---------- Data provided
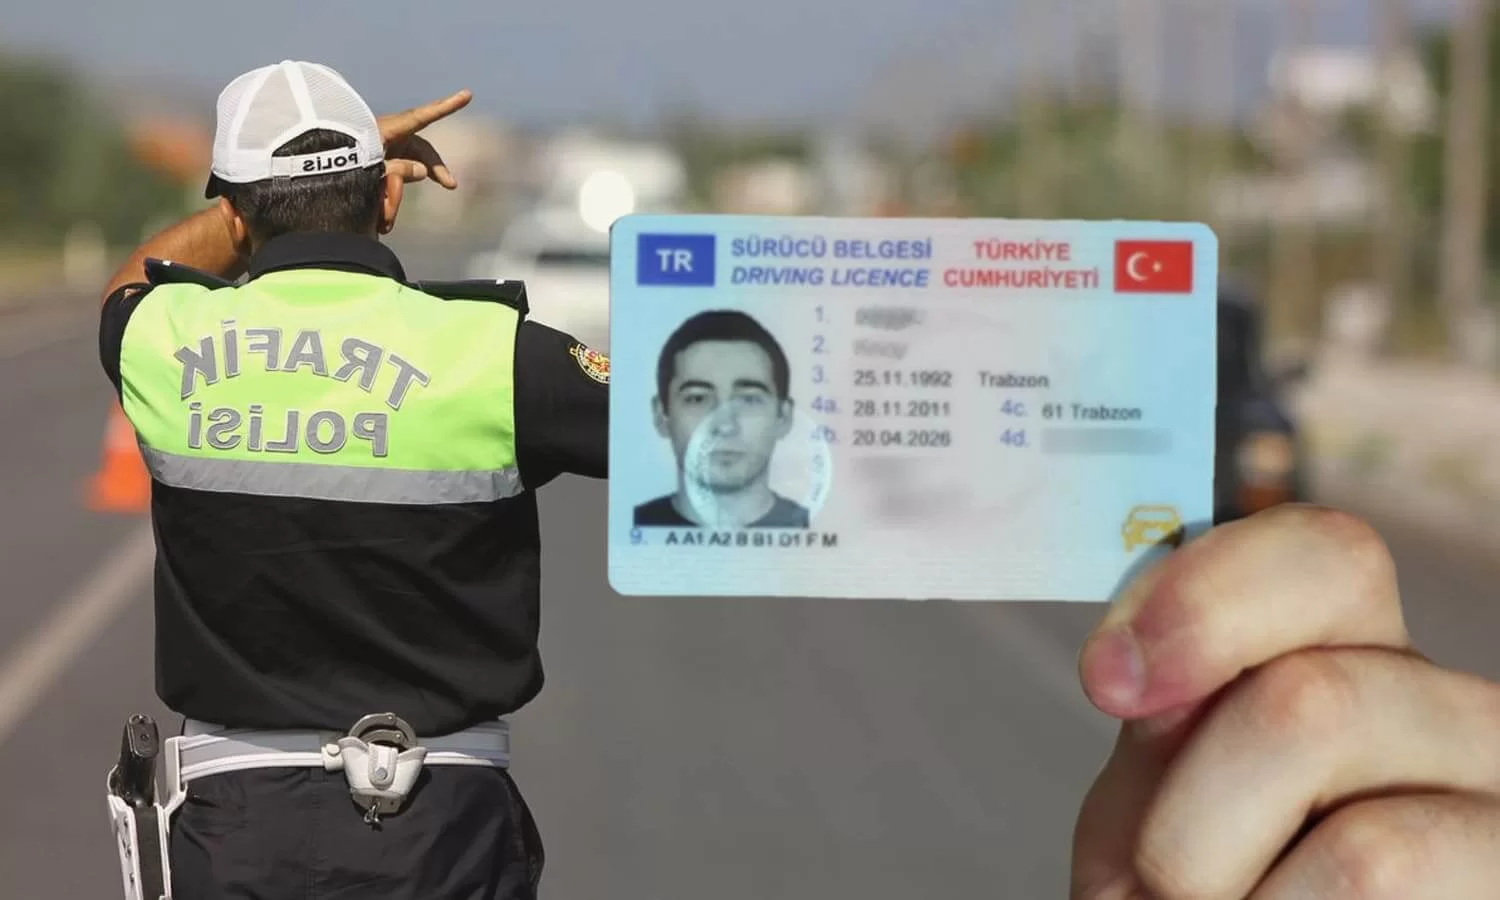 استخدام رخصة القيادة الأجنبية في تركيا
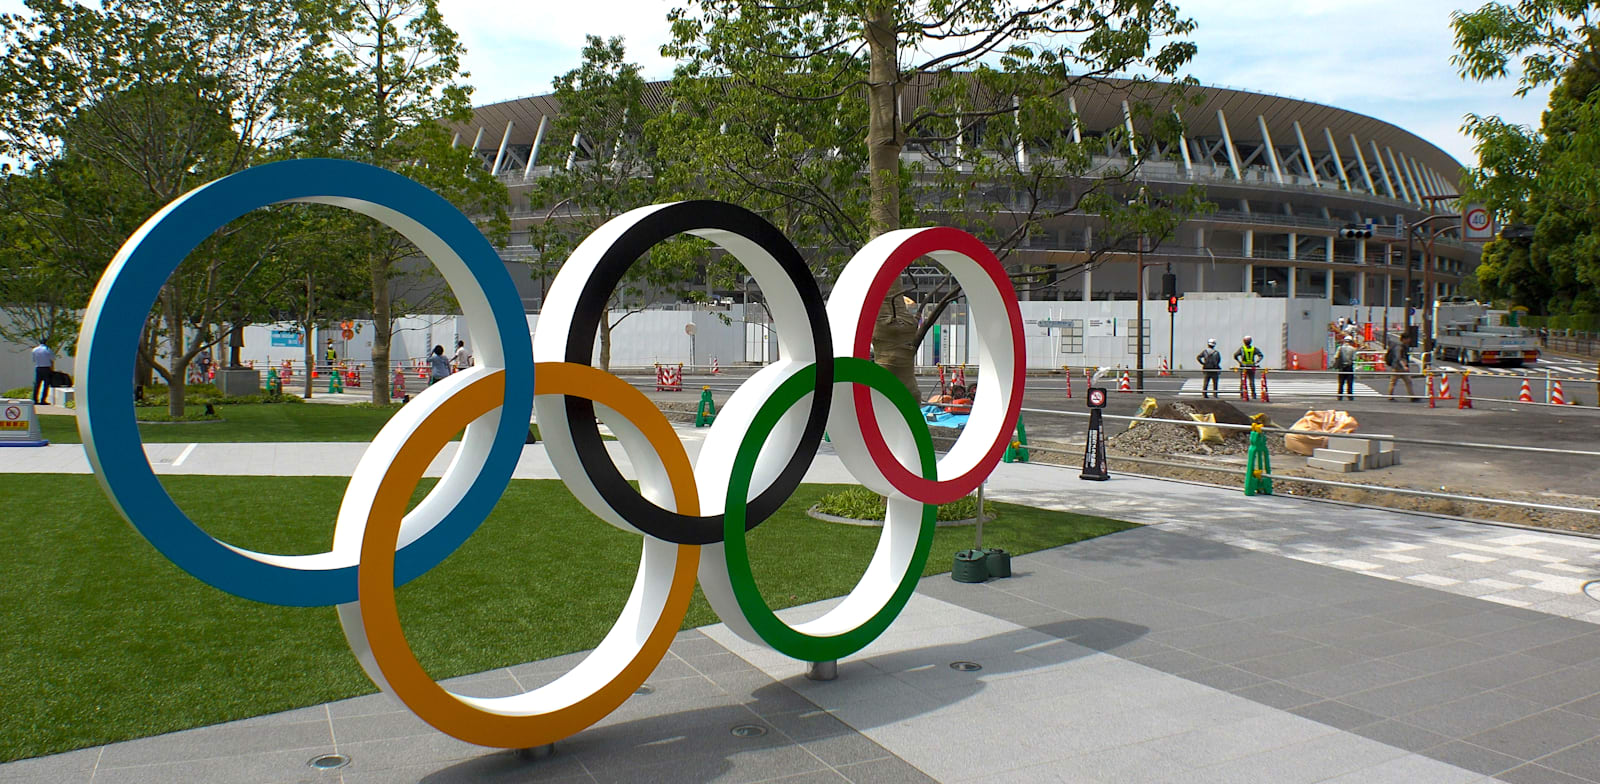 סמל האולימפיאדה באצטדיון האולימפי בטוקיו / צילום: Shutterstock, StreetVJ
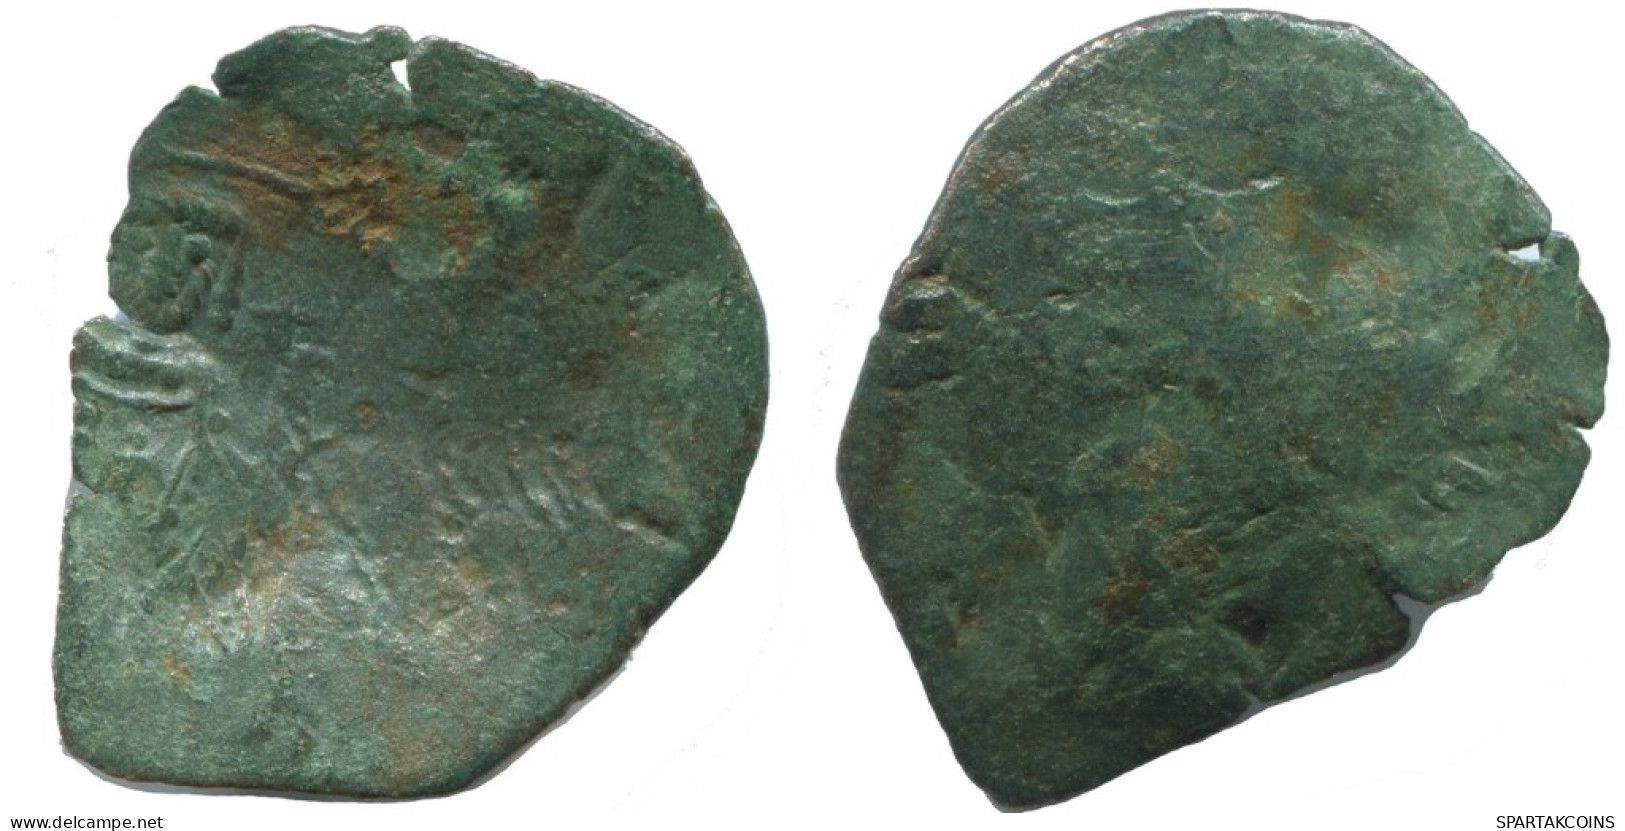 TRACHY BYZANTINISCHE Münze  EMPIRE Antike Authentisch Münze 1.4g/20mm #AG658.4.D.A - Byzantinische Münzen
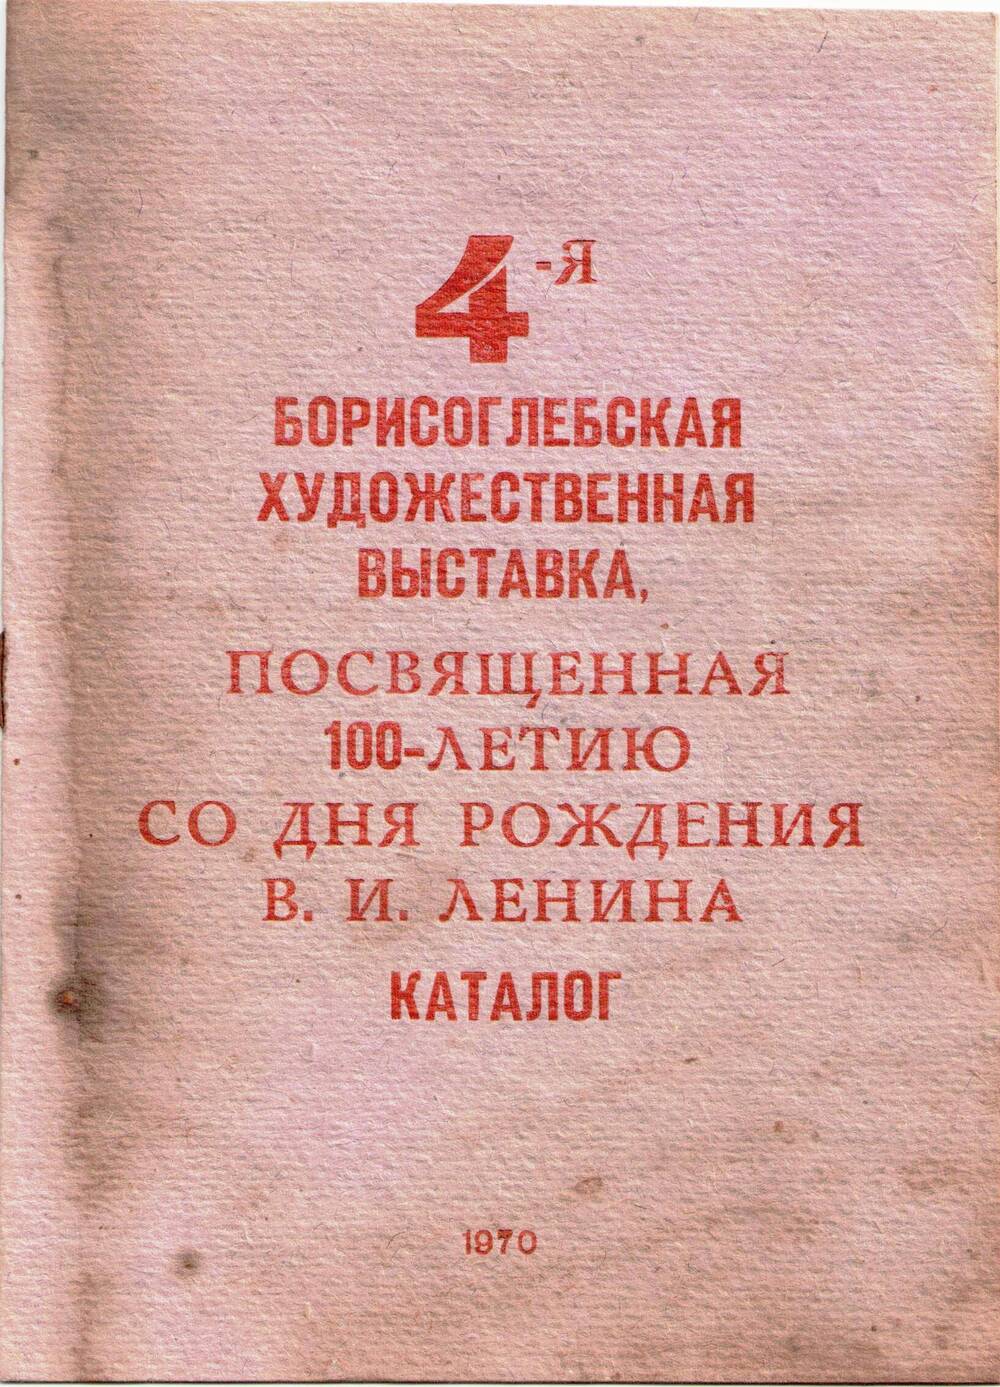 Каталог 4-ой Борисоглебской художественной выставки, посвященной 100-летию со дня рождения В.И.Ленина.
--------------------
● **Task directions**
If the data includes images, skip them and copy every line exactly.

● **Result**
 استخدام رخصة القيادة الأجنبية في تركيا
 סמל האולימפיאדה באצטדיון האולימפי בטוקיו / צילום: Shutterstock, StreetVJ
 TRACHY BYZANTINISCHE Münze  EMPIRE Antike Authentisch Münze 1.4g/20mm #AG658.4.D.A - Byzantinische Münzen
 Каталог 4-ой Борисоглебской художественной выставки, посвященной 100-летию со дня рождения В.И.Ленина.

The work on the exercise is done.